(Beginning of Dataset extract)

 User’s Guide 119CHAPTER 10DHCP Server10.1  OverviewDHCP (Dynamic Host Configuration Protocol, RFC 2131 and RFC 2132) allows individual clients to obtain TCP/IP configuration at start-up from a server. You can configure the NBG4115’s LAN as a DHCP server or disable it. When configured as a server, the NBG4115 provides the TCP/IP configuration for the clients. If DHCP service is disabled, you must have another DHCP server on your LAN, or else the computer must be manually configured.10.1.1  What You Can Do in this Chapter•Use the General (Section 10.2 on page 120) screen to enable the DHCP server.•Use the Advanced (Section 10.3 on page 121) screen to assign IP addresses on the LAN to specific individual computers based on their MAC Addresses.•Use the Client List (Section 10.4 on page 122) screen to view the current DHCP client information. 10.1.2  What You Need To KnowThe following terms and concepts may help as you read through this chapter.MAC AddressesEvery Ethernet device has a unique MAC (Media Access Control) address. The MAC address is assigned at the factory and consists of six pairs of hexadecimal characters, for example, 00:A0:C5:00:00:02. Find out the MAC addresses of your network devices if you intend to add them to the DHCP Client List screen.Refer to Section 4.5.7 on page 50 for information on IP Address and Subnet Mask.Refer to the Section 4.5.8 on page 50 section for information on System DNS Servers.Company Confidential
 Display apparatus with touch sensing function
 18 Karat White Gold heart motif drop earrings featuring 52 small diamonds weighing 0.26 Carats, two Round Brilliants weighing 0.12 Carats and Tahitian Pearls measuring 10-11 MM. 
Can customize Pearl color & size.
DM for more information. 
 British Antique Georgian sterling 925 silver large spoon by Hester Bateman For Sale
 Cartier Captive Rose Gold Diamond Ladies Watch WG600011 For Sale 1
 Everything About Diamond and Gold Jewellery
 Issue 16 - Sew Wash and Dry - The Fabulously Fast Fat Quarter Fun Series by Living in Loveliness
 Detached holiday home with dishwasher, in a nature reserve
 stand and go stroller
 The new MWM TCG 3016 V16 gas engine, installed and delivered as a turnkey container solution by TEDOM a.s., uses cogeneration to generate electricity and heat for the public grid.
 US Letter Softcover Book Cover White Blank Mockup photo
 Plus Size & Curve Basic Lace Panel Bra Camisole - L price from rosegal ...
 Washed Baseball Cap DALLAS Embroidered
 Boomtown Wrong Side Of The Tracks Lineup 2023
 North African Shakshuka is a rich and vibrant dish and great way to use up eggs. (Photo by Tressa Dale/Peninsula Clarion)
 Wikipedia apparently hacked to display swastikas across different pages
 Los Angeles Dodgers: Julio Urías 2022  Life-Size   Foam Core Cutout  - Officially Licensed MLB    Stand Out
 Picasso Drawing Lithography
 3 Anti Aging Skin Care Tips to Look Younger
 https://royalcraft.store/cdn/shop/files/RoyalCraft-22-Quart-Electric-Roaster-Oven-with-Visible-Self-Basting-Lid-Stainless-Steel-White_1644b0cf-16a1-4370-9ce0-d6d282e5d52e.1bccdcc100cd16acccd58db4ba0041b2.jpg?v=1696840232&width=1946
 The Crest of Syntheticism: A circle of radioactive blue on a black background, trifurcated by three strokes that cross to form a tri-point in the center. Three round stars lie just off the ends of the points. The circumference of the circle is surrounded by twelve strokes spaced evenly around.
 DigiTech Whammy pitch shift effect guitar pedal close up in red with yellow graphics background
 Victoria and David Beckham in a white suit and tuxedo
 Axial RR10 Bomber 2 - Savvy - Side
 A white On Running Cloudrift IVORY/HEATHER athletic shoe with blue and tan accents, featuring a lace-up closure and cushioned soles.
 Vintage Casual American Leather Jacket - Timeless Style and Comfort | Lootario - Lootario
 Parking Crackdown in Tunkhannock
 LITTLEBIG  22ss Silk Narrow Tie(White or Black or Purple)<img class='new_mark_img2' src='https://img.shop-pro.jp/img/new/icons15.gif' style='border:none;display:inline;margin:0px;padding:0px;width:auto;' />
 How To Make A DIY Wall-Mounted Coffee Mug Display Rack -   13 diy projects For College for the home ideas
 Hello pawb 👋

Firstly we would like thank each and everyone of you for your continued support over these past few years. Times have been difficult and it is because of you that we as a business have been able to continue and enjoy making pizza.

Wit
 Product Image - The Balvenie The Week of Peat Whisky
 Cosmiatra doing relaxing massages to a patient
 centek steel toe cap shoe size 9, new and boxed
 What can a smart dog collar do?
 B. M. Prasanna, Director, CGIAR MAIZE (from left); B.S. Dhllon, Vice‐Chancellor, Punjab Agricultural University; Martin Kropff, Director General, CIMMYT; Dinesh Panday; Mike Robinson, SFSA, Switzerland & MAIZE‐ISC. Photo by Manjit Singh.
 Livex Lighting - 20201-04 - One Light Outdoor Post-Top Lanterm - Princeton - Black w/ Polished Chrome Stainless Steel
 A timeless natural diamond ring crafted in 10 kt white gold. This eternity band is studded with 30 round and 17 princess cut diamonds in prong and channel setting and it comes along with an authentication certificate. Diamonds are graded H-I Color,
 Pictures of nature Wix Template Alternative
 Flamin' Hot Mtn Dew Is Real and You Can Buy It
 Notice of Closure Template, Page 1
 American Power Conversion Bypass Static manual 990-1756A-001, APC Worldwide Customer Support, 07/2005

(End of Dataset extract)

### Brief
Extract, word for word, each line of the listing above.

### Exercise response
 User’s Guide 119CHAPTER 10DHCP Server10.1  OverviewDHCP (Dynamic Host Configuration Protocol, RFC 2131 and RFC 2132) allows individual clients to obtain TCP/IP configuration at start-up from a server. You can configure the NBG4115’s LAN as a DHCP server or disable it. When configured as a server, the NBG4115 provides the TCP/IP configuration for the clients. If DHCP service is disabled, you must have another DHCP server on your LAN, or else the computer must be manually configured.10.1.1  What You Can Do in this Chapter•Use the General (Section 10.2 on page 120) screen to enable the DHCP server.•Use the Advanced (Section 10.3 on page 121) screen to assign IP addresses on the LAN to specific individual computers based on their MAC Addresses.•Use the Client List (Section 10.4 on page 122) screen to view the current DHCP client information. 10.1.2  What You Need To KnowThe following terms and concepts may help as you read through this chapter.MAC AddressesEvery Ethernet device has a unique MAC (Media Access Control) address. The MAC address is assigned at the factory and consists of six pairs of hexadecimal characters, for example, 00:A0:C5:00:00:02. Find out the MAC addresses of your network devices if you intend to add them to the DHCP Client List screen.Refer to Section 4.5.7 on page 50 for information on IP Address and Subnet Mask.Refer to the Section 4.5.8 on page 50 section for information on System DNS Servers.Company Confidential
 Display apparatus with touch sensing function
 18 Karat White Gold heart motif drop earrings featuring 52 small diamonds weighing 0.26 Carats, two Round Brilliants weighing 0.12 Carats and Tahitian Pearls measuring 10-11 MM. 
Can customize Pearl color & size.
DM for more information. 
 British Antique Georgian sterling 925 silver large spoon by Hester Bateman For Sale
 Cartier Captive Rose Gold Diamond Ladies Watch WG600011 For Sale 1
 Everything About Diamond and Gold Jewellery
 Issue 16 - Sew Wash and Dry - The Fabulously Fast Fat Quarter Fun Series by Living in Loveliness
 Detached holiday home with dishwasher, in a nature reserve
 stand and go stroller
 The new MWM TCG 3016 V16 gas engine, installed and delivered as a turnkey container solution by TEDOM a.s., uses cogeneration to generate electricity and heat for the public grid.
 US Letter Softcover Book Cover White Blank Mockup photo
 Plus Size & Curve Basic Lace Panel Bra Camisole - L price from rosegal ...
 Washed Baseball Cap DALLAS Embroidered
 Boomtown Wrong Side Of The Tracks Lineup 2023
 North African Shakshuka is a rich and vibrant dish and great way to use up eggs. (Photo by Tressa Dale/Peninsula Clarion)
 Wikipedia apparently hacked to display swastikas across different pages
 Los Angeles Dodgers: Julio Urías 2022  Life-Size   Foam Core Cutout  - Officially Licensed MLB    Stand Out
 Picasso Drawing Lithography
 3 Anti Aging Skin Care Tips to Look Younger
 https://royalcraft.store/cdn/shop/files/RoyalCraft-22-Quart-Electric-Roaster-Oven-with-Visible-Self-Basting-Lid-Stainless-Steel-White_1644b0cf-16a1-4370-9ce0-d6d282e5d52e.1bccdcc100cd16acccd58db4ba0041b2.jpg?v=1696840232&width=1946
 The Crest of Syntheticism: A circle of radioactive blue on a black background, trifurcated by three strokes that cross to form a tri-point in the center. Three round stars lie just off the ends of the points. The circumference of the circle is surrounded by twelve strokes spaced evenly around.
 DigiTech Whammy pitch shift effect guitar pedal close up in red with yellow graphics background
 Victoria and David Beckham in a white suit and tuxedo
 Axial RR10 Bomber 2 - Savvy - Side
 A white On Running Cloudrift IVORY/HEATHER athletic shoe with blue and tan accents, featuring a lace-up closure and cushioned soles.
 Vintage Casual American Leather Jacket - Timeless Style and Comfort | Lootario - Lootario
 Parking Crackdown in Tunkhannock
 LITTLEBIG  22ss Silk Narrow Tie(White or Black or Purple)<img class='new_mark_img2' src='https://img.shop-pro.jp/img/new/icons15.gif' style='border:none;display:inline;margin:0px;padding:0px;width:auto;' />
 How To Make A DIY Wall-Mounted Coffee Mug Display Rack -   13 diy projects For College for the home ideas
 Hello pawb 👋

Firstly we would like thank each and everyone of you for your continued support over these past few years. Times have been difficult and it is because of you that we as a business have been able to continue and enjoy making pizza.

Wit
 Product Image - The Balvenie The Week of Peat Whisky
 Cosmiatra doing relaxing massages to a patient
 centek steel toe cap shoe size 9, new and boxed
 What can a smart dog collar do?
 B. M. Prasanna, Director, CGIAR MAIZE (from left); B.S. Dhllon, Vice‐Chancellor, Punjab Agricultural University; Martin Kropff, Director General, CIMMYT; Dinesh Panday; Mike Robinson, SFSA, Switzerland & MAIZE‐ISC. Photo by Manjit Singh.
 Livex Lighting - 20201-04 - One Light Outdoor Post-Top Lanterm - Princeton - Black w/ Polished Chrome Stainless Steel
 A timeless natural diamond ring crafted in 10 kt white gold. This eternity band is studded with 30 round and 17 princess cut diamonds in prong and channel setting and it comes along with an authentication certificate. Diamonds are graded H-I Color,
 Pictures of nature Wix Template Alternative
 Flamin' Hot Mtn Dew Is Real and You Can Buy It
 Notice of Closure Template, Page 1
 American Power Conversion Bypass Static manual 990-1756A-001, APC Worldwide Customer Support, 07/2005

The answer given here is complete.